Segment Start: Raw data

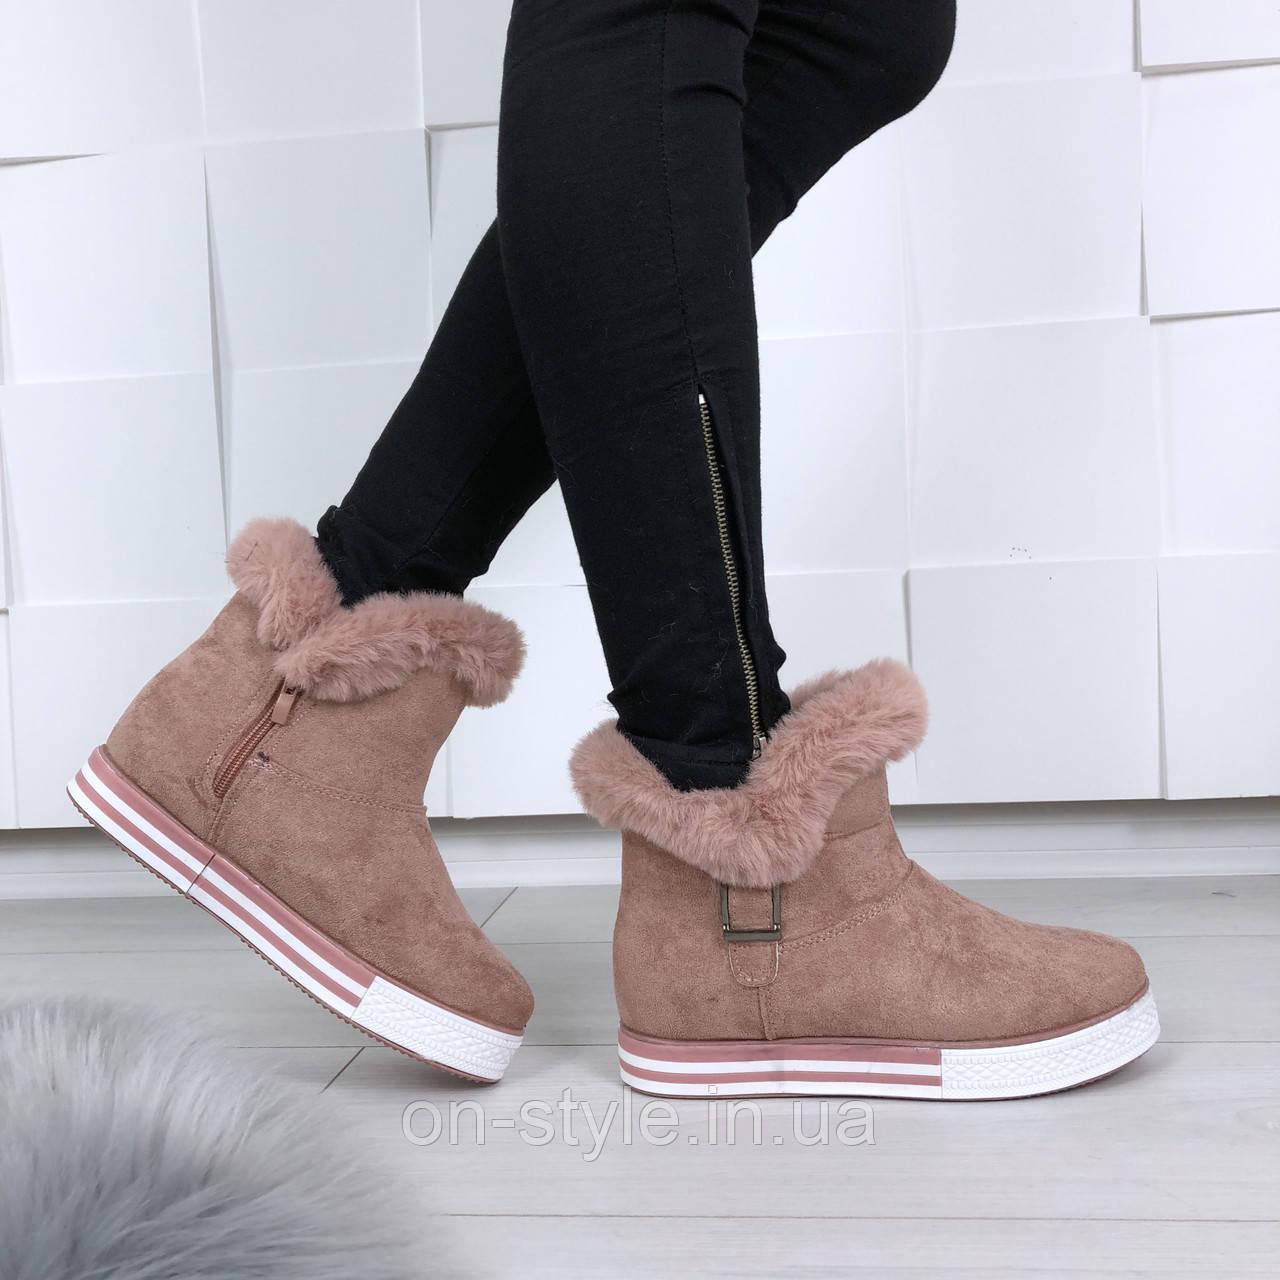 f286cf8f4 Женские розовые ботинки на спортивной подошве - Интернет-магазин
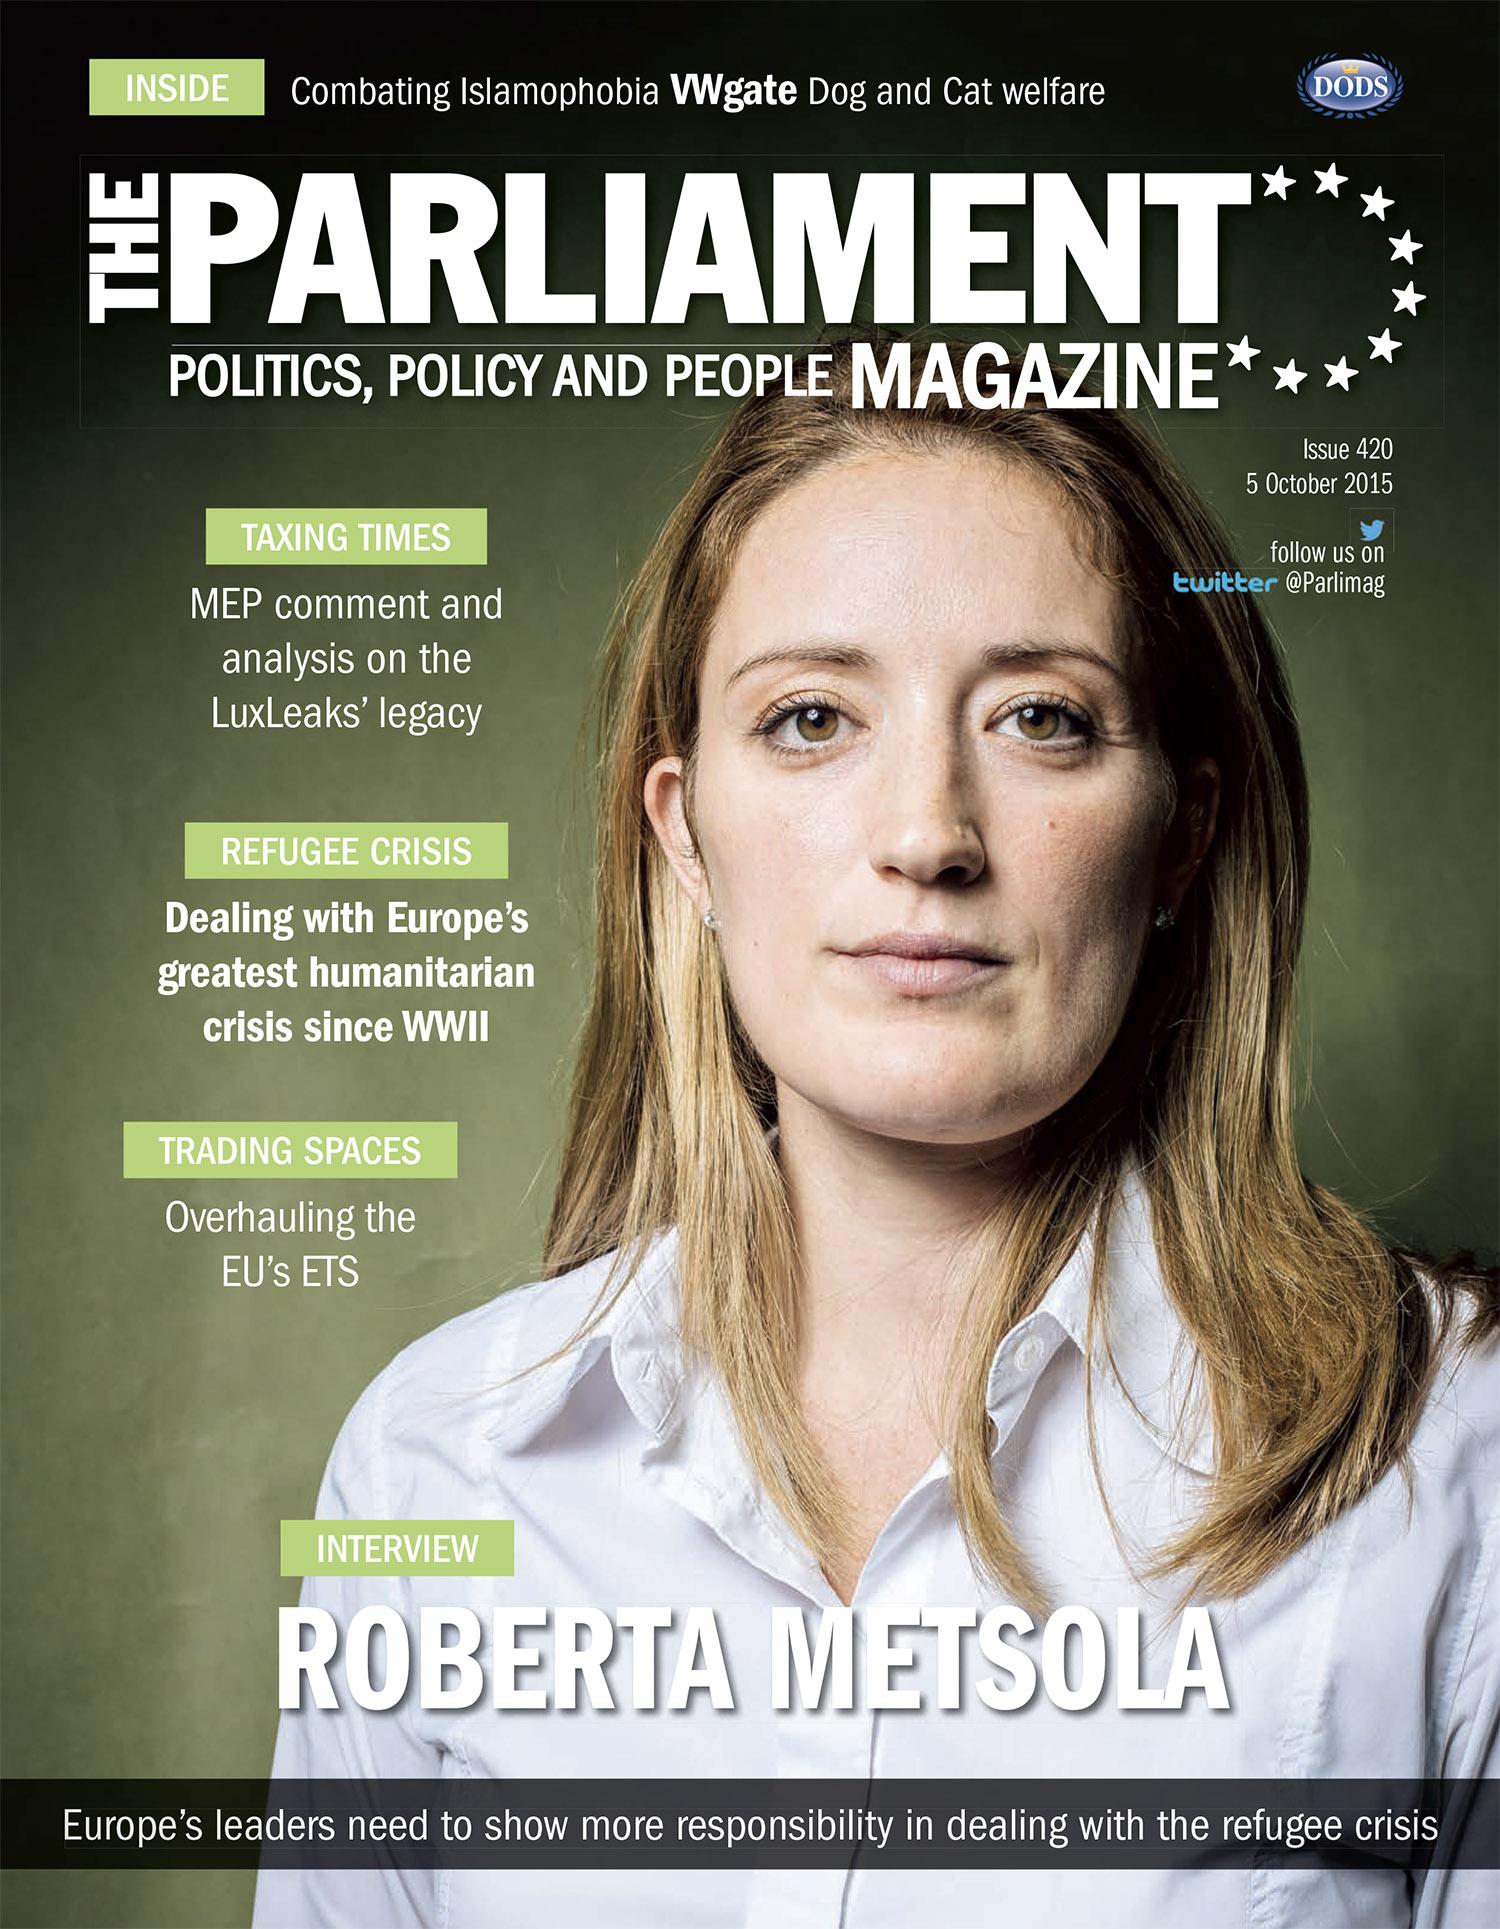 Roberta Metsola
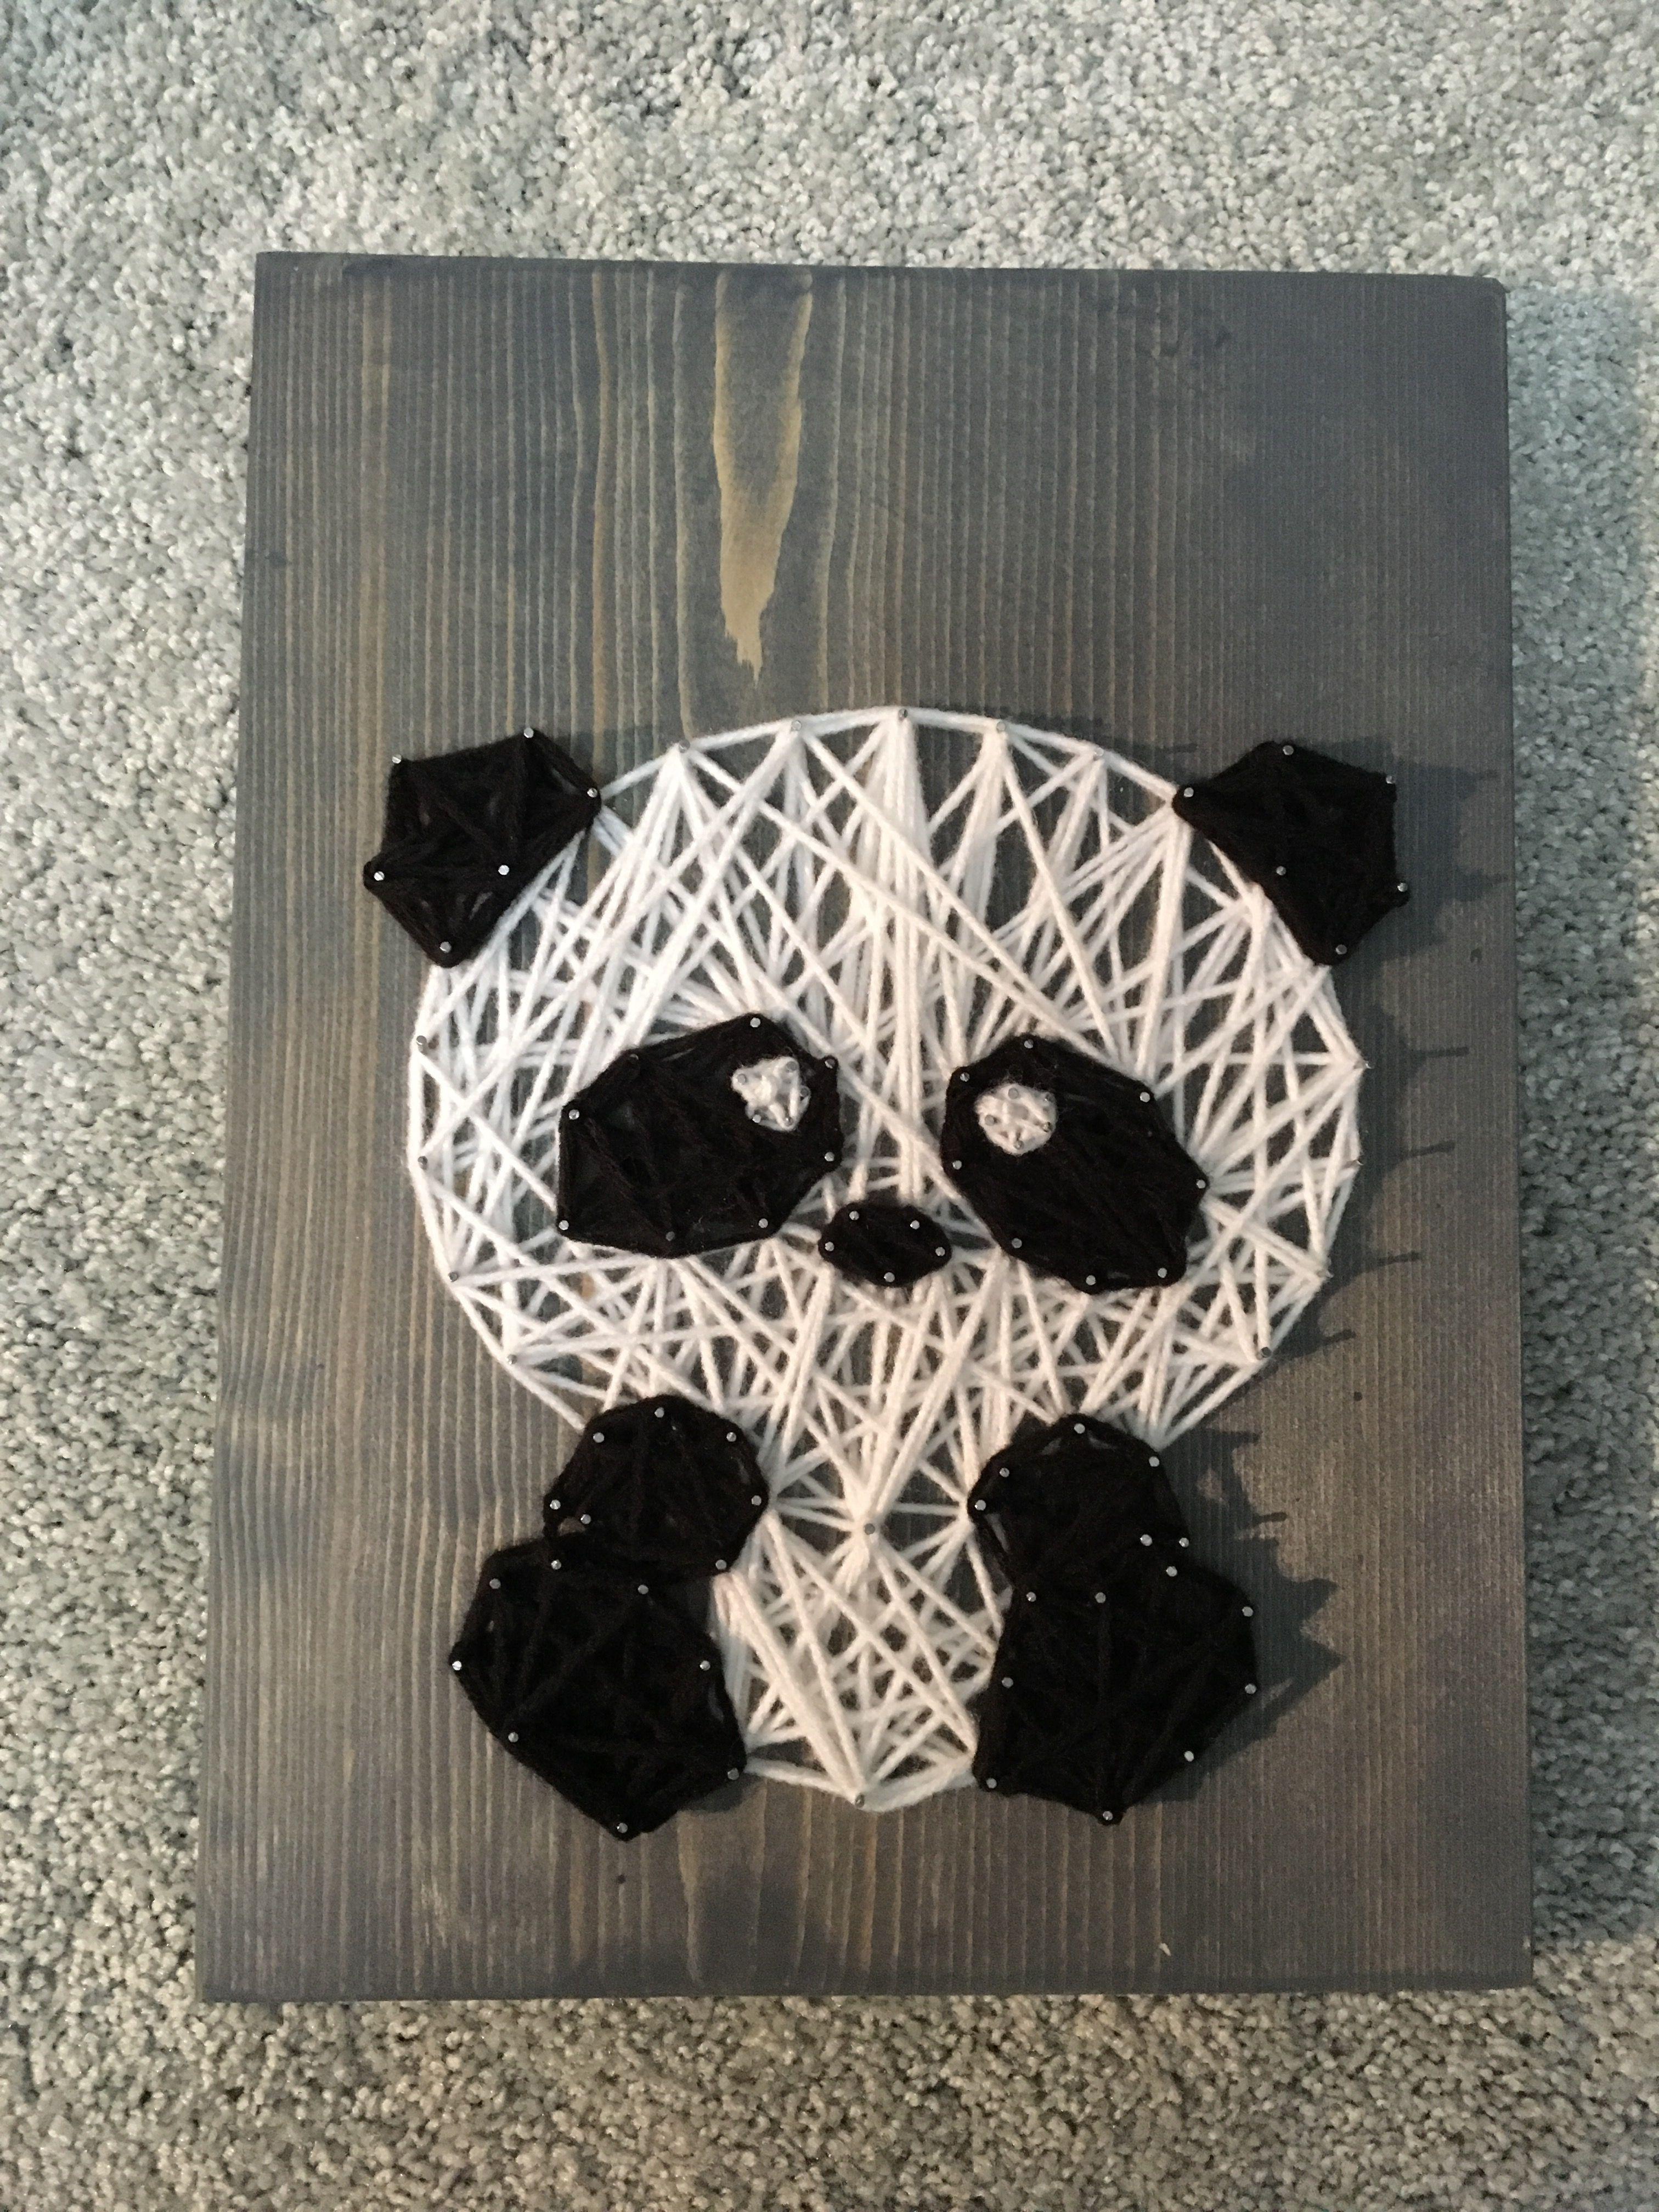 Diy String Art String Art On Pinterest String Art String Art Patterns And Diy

Segment End: Raw data

» Work required
For every line above, produce an exact transcription that omits the images.

» Output for this task
 f286cf8f4 Женские розовые ботинки на спортивной подошве - Интернет-магазин
 Roberta Metsola
 Diy String Art String Art On Pinterest String Art String Art Patterns And Diy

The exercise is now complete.